Didn't know about json5, so I had to deal with trailing commas in another way. I found that providing an example of an array without trailing commas was enough for GPT to pick up on it.
The tips on booleans and numerics are interesting! Will keep them in mind if I ever need to do that. I've definitely experienced a few quirks like that (E.g. ChatGPT 'helpfully' responding with "Here's your JSON" instead of just giving me JSON).
I’ve also found good results by asking for it to give the answer first, then to explain its answer. Best of both worlds, since I can just ignore everything following and it still seems to do the internal preparatory ‘thinking’.

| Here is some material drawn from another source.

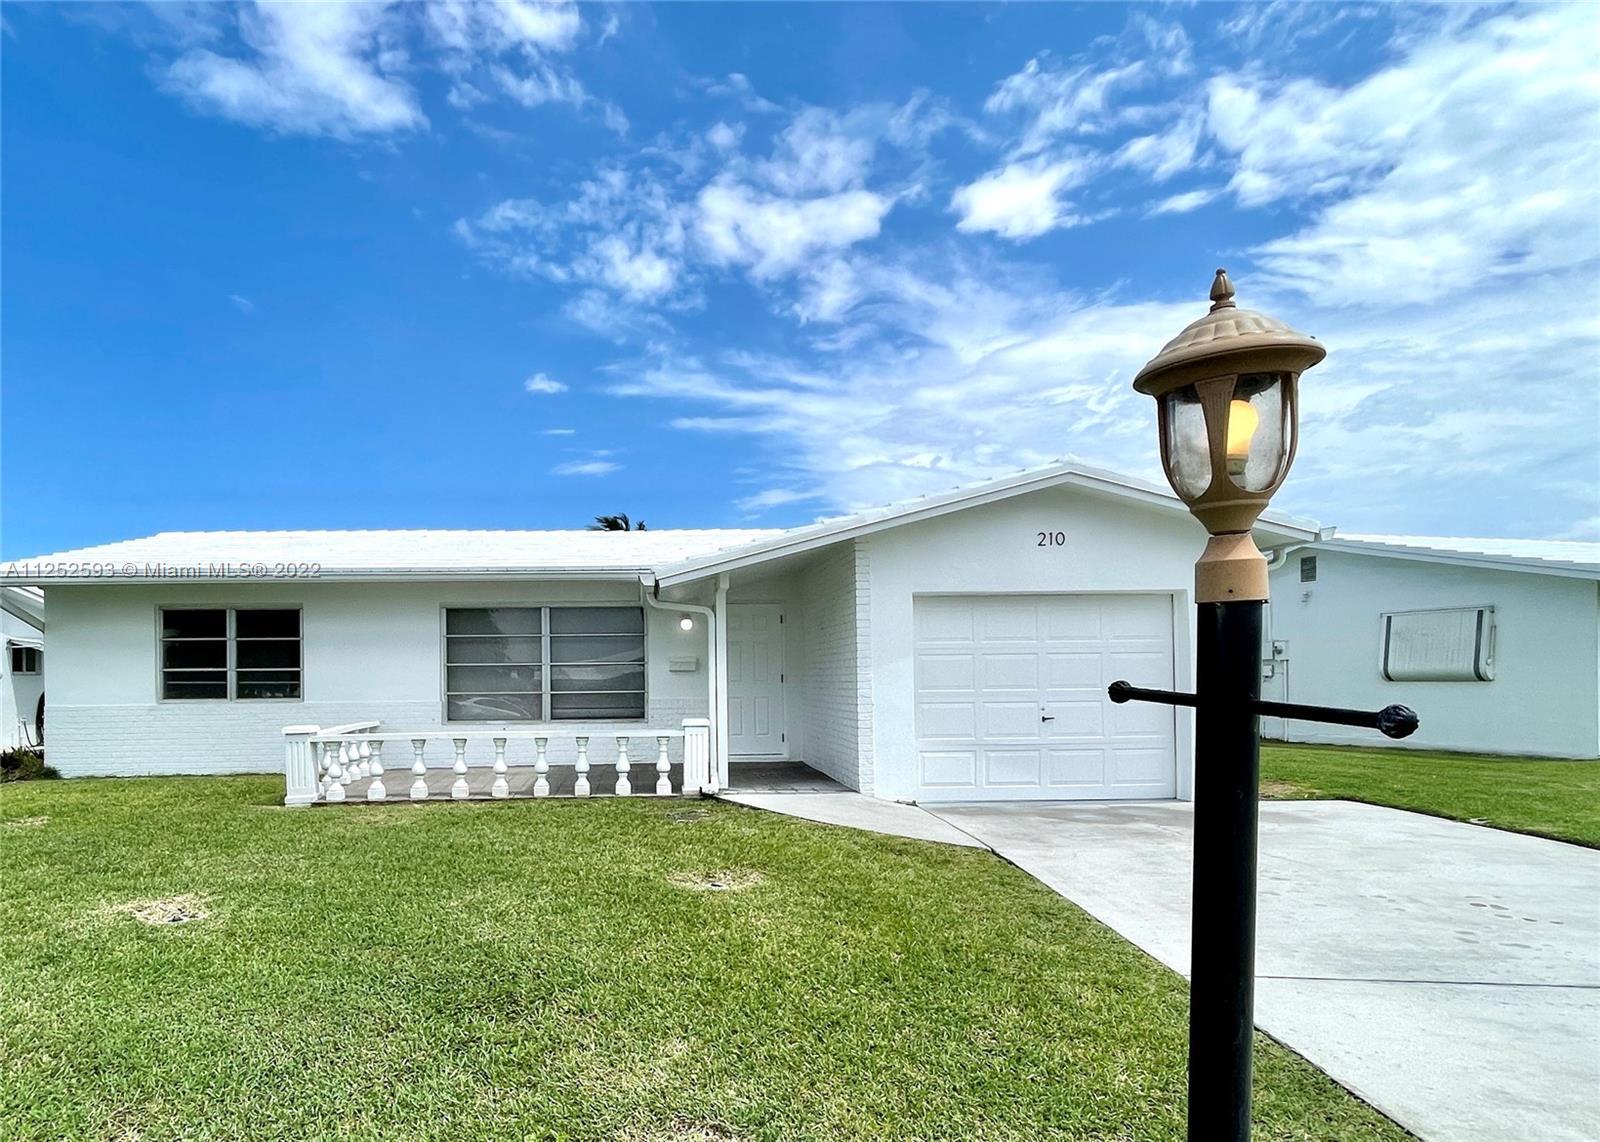 Amazing Home in Pompano Beach Area . Chic and Stylish renovate 2 Bedroom 2 Bathroom perfect for any 
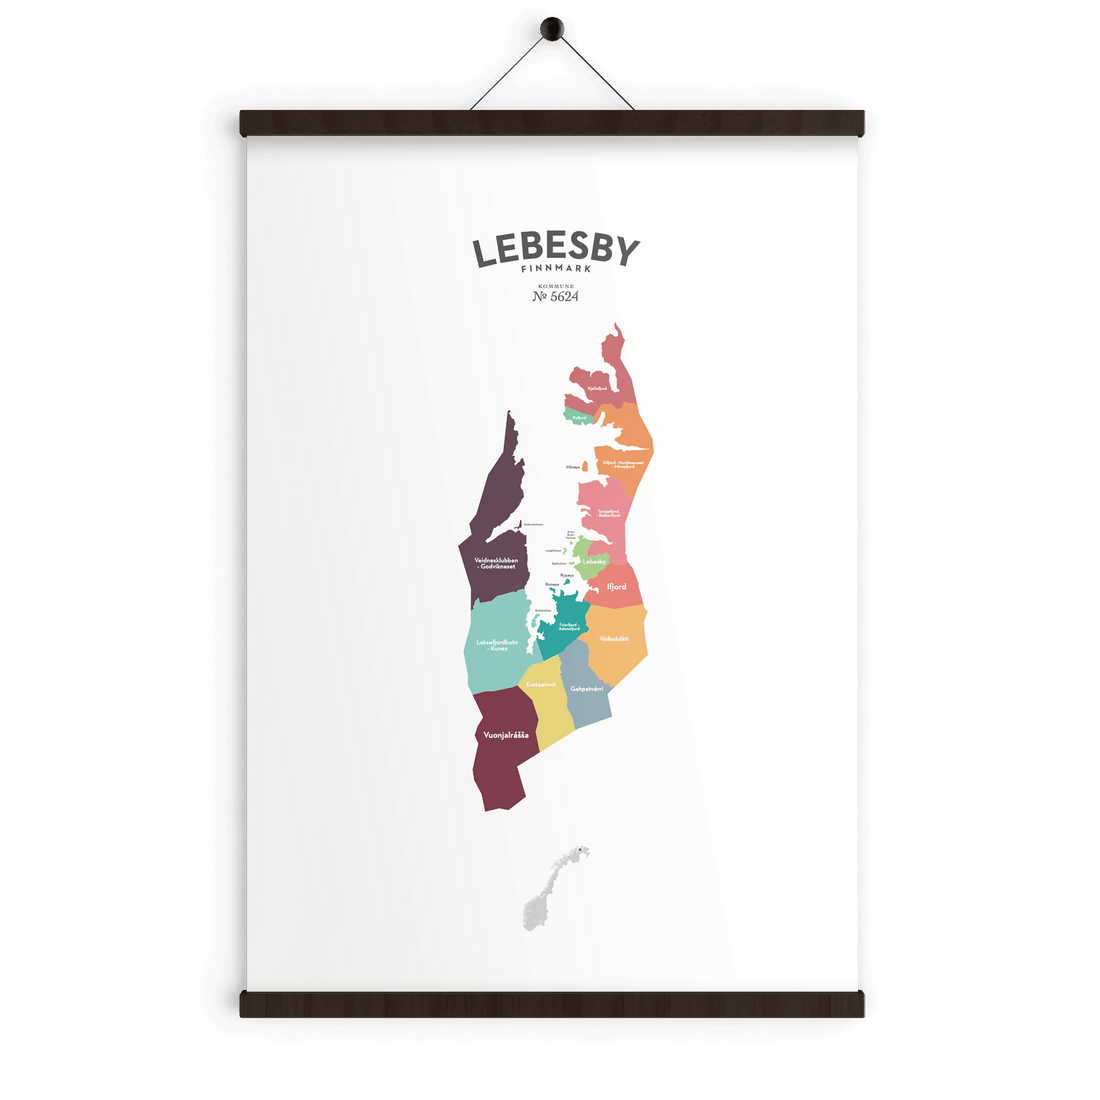 Lebesby

For us LangChain actually caused more problems than it solved. We had a system in production which after working fine a few weeks suddenly started experiencing frequent failures (more than 30% of requests). On digging it seems that LangChain sets a default timeout of 60 seconds for every requests. And this behaviour isn't documented! Such spurious decisions made by LangChain are everywhere, and will all eventually come back to bite. In the end we replaced everything with vanilla request clients. Definitely not recommended to build a system on a library that provides very limited value while hiding a huge amount of details and decisions from you.

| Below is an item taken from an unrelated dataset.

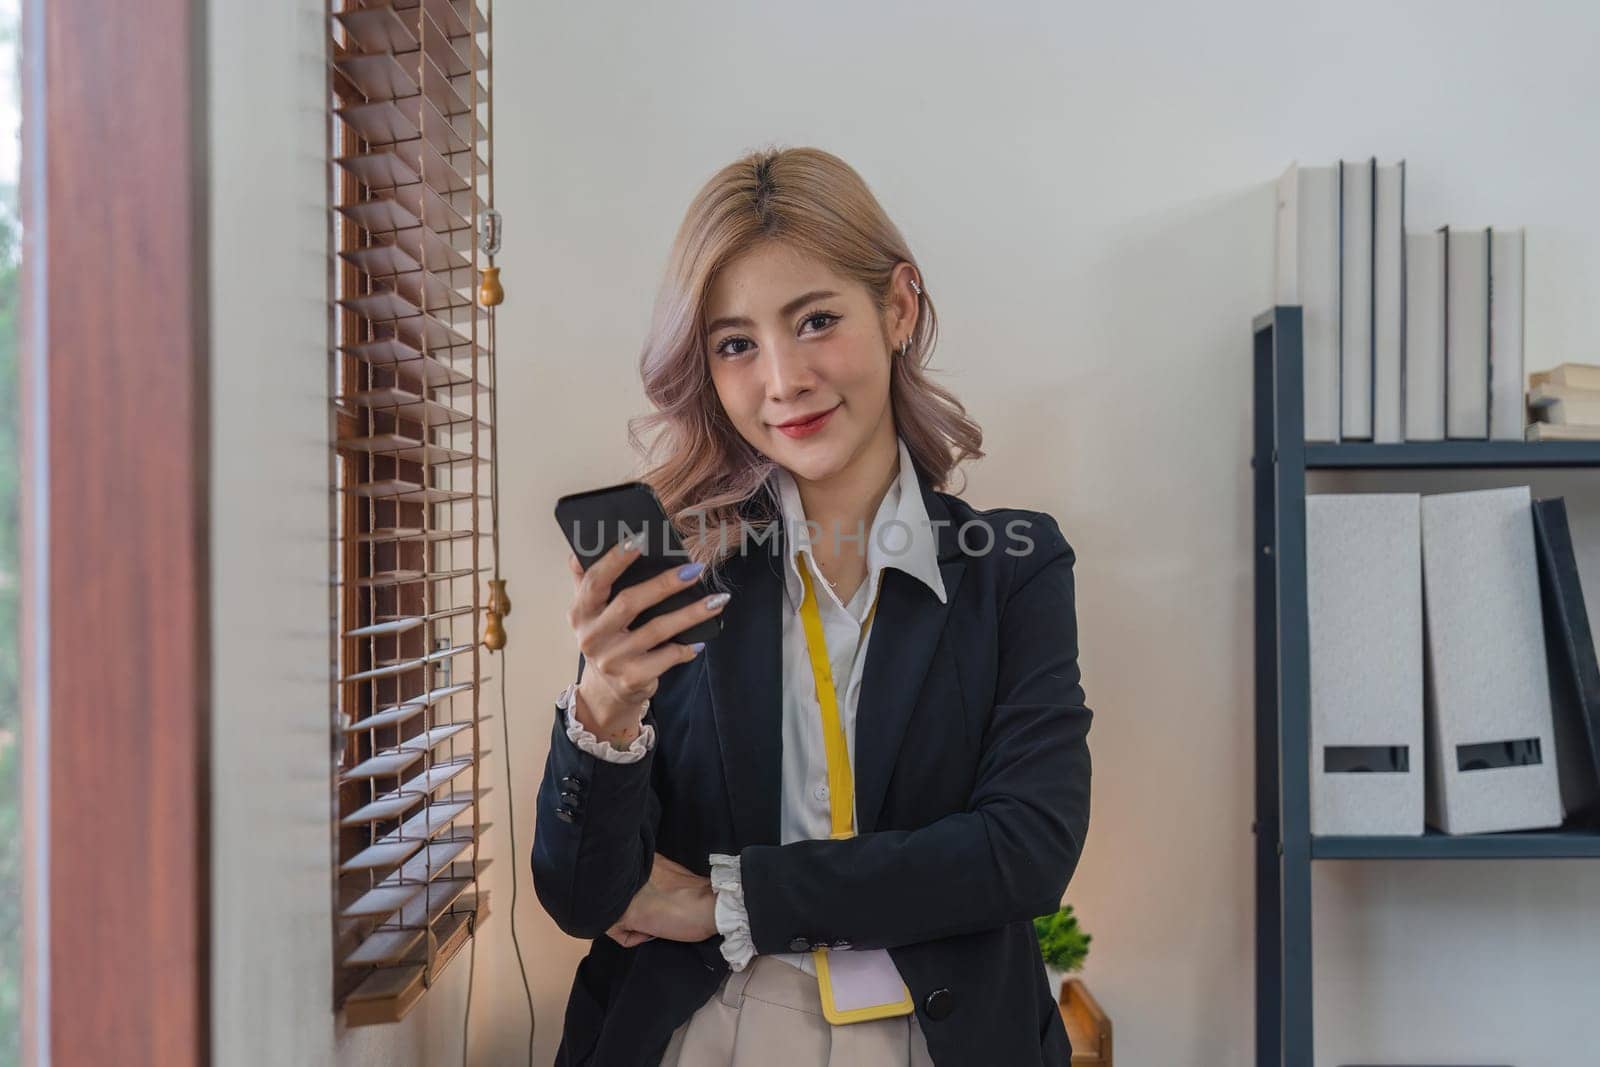 Smiling businesswoman using phone in office. business entrepreneur looking at her mobile phone and smiling.

This is my experience too. While I'd really love the Open Source models to catch up, currently they struggle even with dead-simple summarization tasks: they hallucinate too much, or omit essential points. ChatGPT don't often hallucinate when summarizing, only when answering questions.
This is hugely misleading. If your bot just memorizes Shakespeare and output segments from memorization, of course nobody can tell the difference. But as soon as you start interacting with them the difference can't be more pronounced.
>With these two evaluation sets, we conducted a blind pairwise comparison by asking approximately 100 evaluators on Amazon Mechanical Turk platform to compare the quality of model outputs on these held-out sets of prompts. In the ratings interface, we present each rater with an input prompt and the output of two models. They are then asked to judge which output is better (or that they are equally good) using criteria related to response quality and correctness.
No, it's not just memorising shakespeare, real humans interacted with the models and rated them.
That's not what I meant by interaction. The evaluator had to ask the models to do tasks for them that they thought of by their own. Otherwise there are just too many ways that information could have leaked.
OpenAI's model isn't immune from this either, so take any so-called evaluation metrics with a huge grain of salt. This also highlights the difficulties of properly evaluating LLMs: any metrics, once set up, can become a memorization target for LLMs and lose their meaning.
Are you sure? I have yet to see any evidence that anyone at all (including Google) has built a model (or a "platform" as you prefer to refer to them) that can follow instructions as well as 50% of ChatGPT, let alone GPT-4. I don't think any amount of work in LangChain and vector databases is enough to fix this: you really need a strong base model that is trained to align with human intentions well. Of course if you just want a bot that can answer free-form simple questions, then maybe people can't tell the difference. Just give them some real work to do and it becomes glaringly obvious.
Vector databases such as Milvus are only there to help reduce/minimize hallucinations rather than get rid of them completely. Until we have a model architecture that can perform completion from the _prompt only_ rather than pre-training data, hallucinations will always be present.
This is a chatbot model you can run on your own computer with a powerful graphics card. It is not as good as GPT-4 but it has not been "locked down" the way GPT-4 is and can be asked to do things GPT-4 would refuse to do.